Потолок в галерее — наклонный. Строители, видно, не знали принципов сооружения арки и делали свод, накладывая один камень на другой, а когда они сближались, клали поперек плоские камни. Стены свода покрывались известковым раствором, и таким образом получалась гладкая поверхность[28].
Каменные ступени широкой лестницы ведут во внутренний двор от центрального входа галереи. На наружной стене по обе стороны лестницы, как бы охраняя вход, выстроились в ряд гигантские мрачные фигуры. Они высечены резцом на каменной плите в технике барельефа. На них живописные головные уборы из перьев, богатые ожерелья. Они слегка откинулись назад, как бы пораженные глубокой тревогой и испугом.
Восточная сторона внутреннего двора. Дворец Паленке.
«Рисунок и анатомические пропорции фигур произвольны,— замечает Стефенс,— но изображенная сцена настолько эмоциональна, выразительна, что ясно говорит о талантливости художника и о его живом воображении».
Когда исследователи впервые вошли во внутренний двор дворца, они ничего не могли разглядеть вокруг: все заросло деревьям» и было завалено кучами обломков- и мусора. И для того чтобы зарисовать фигуры поразившего их барельефа, пришлось раскопать и убрать весь архитектурный мусор, скопившийся за многие годы у стен галереи.
Анфилады комнат — это, по-видимому, были, спальни — тянулись вдоль внутреннего двора и с той, и с другой стороны. Справа все простенки разрушены. С левой же стороны они все еще стояли, и по-прежнему лепной орнамент украшал их. В комнате, занимавшей центральное положение, в одном из отверстий дверной арки был найден обломок деревянной притолоки около ' тридцати сантиметров длиной, сильно изъеденный червями.
«Это единственный кусочек дерева, который мы нашли в Паленке,— сожалеет Стефенс.— Пройдет немного лет, и от него ничего не останется. Мы нашли его уже после того, как пришли к заключению, что на дверях дворца были деревянные притолоки».
По ту сторону двора, напротив парадной лестницы, находилась другая лестница с широкими каменными ступенями. По обе стороны ее виднелись иероглифы, высеченные на камне.
Каждый день, уходя на работу или возвращаясь «домой»— на галерею дворца, исследователи шли по каменным ступеням лестницы, а мрачные, загадочные фигуры смотрели на них с барельефа, прямо в лицо. Они снова и снова приковывали к себе внимание, словно заворожили их. Стефенс и Казервуд стали считать этот уголок дворца самым интересным местом на развалинах.
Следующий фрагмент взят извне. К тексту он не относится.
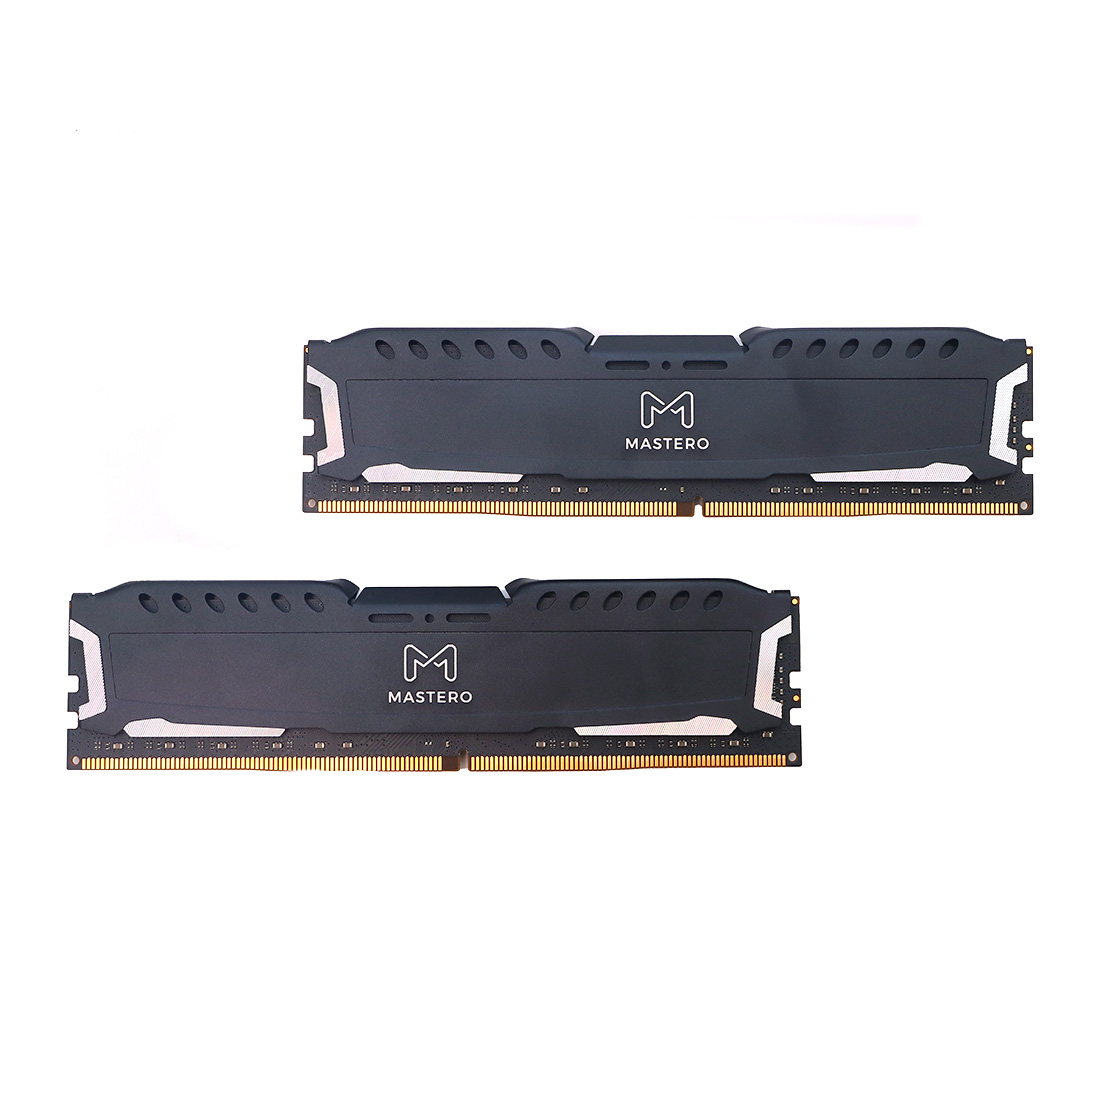 Комплект памяти DDR4 DIMM 32Gb (2x16Gb), 3200MHz, CL16, 1.35V, Mastero (MS-OP-32G-3200-CL16-K2) Retail
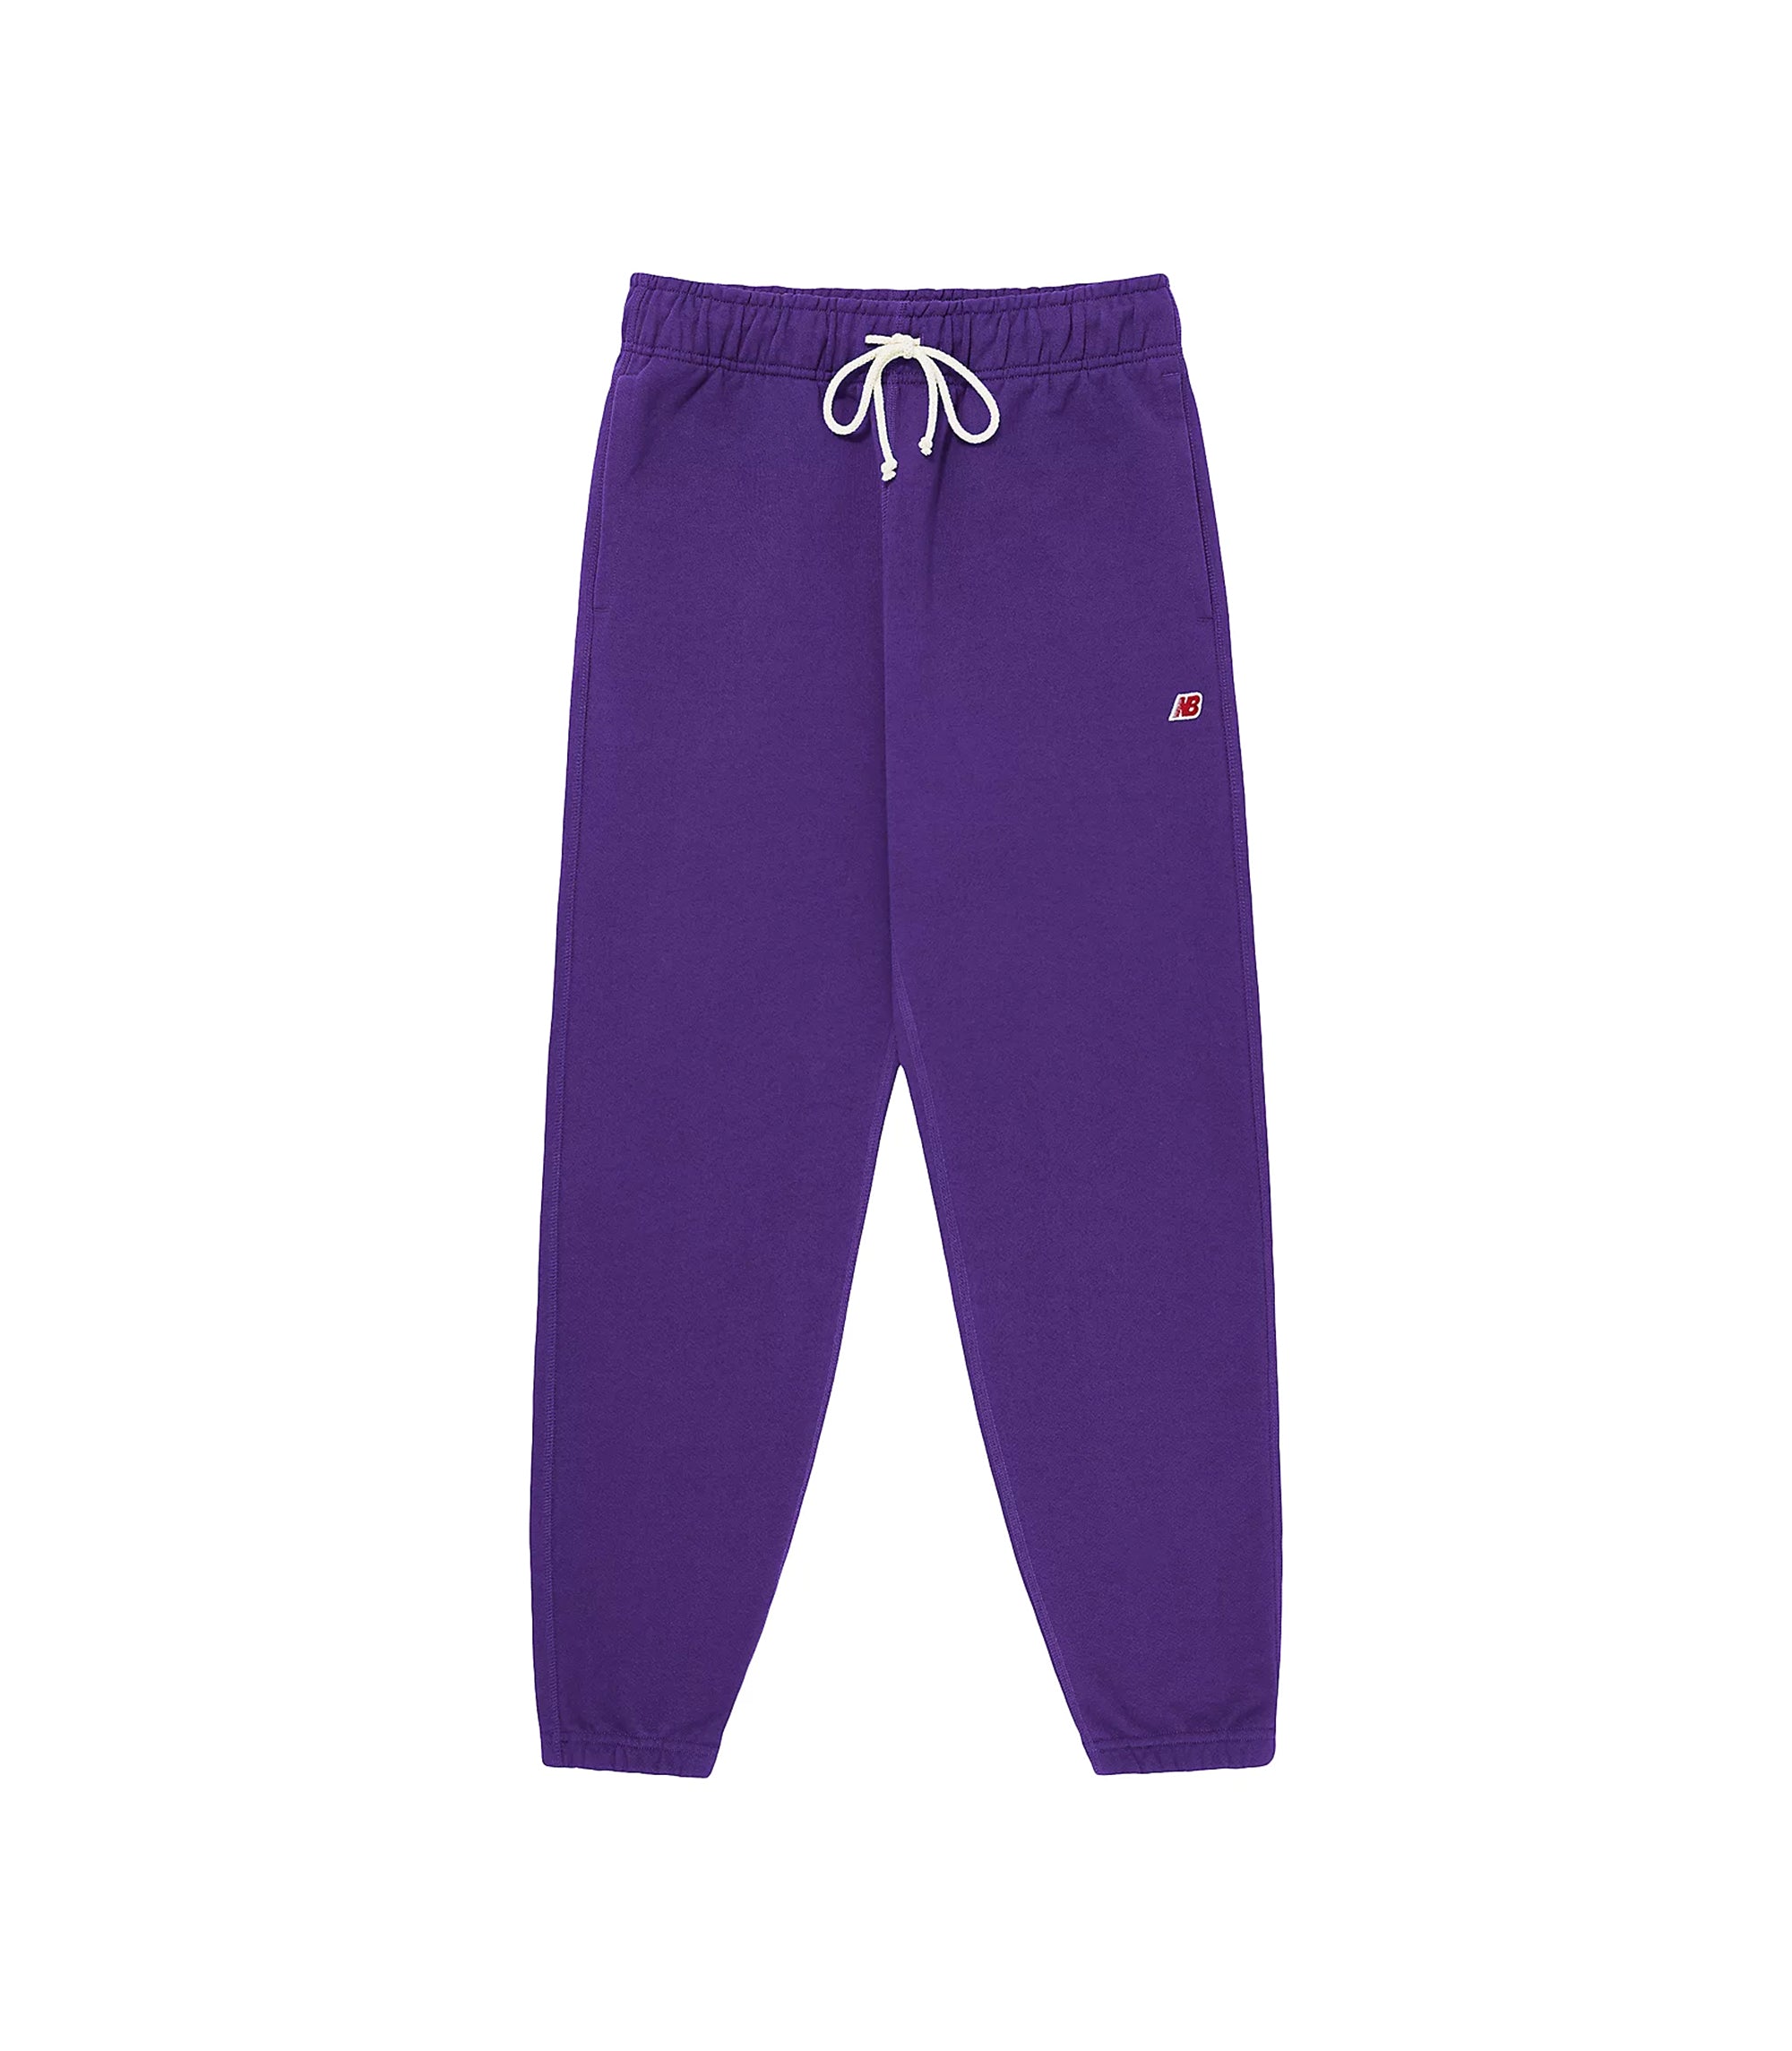 Made in USA Sweatpants - Prism Purple

Барельеф, высеченный ваятелем древних майя на овальной плите и украшавший одно из дворцовых зданий в Паленке.
Стефенс хотел было сделать раскопки внутреннего двора, но не имел для этого ни оборудования, ни людей. Он предполагал, что внутренний двор выложен каменными плитами или же залит известняковым раствором, что в кучах архитектурного мусора, где валялось много лепных рельефов и резных камней, можно найти прекрасные образцы древнего искусства.
«Эта интересная работа останется для путешественника, который приедет сюда вслед за нами,— размышляет Стефенс.— Может быть, он приедет сюда с лучшим, чем у нас, оборудованием и у него будет больше рабочих. И мне кажется, что, если он и не найдет здесь зарытых сокровищ, одна лишь возможность полюбоваться прекрасной архитектурой внутреннего двора будет ему хорошим вознаграждением за труд и расходы».
Недалеко от «Большого дворца», сбоку, находятся несколько простых построек.
Главная из них — башня, сохранившаяся, как и «Большой дворец», до наших дней. Она возвышается на южной стороне второго двора и обращает на себя внимание путешественников высотой и пропорциями. Однако при более внимательном, детальном изучении ее археолог не нашел в ней ничего интересного.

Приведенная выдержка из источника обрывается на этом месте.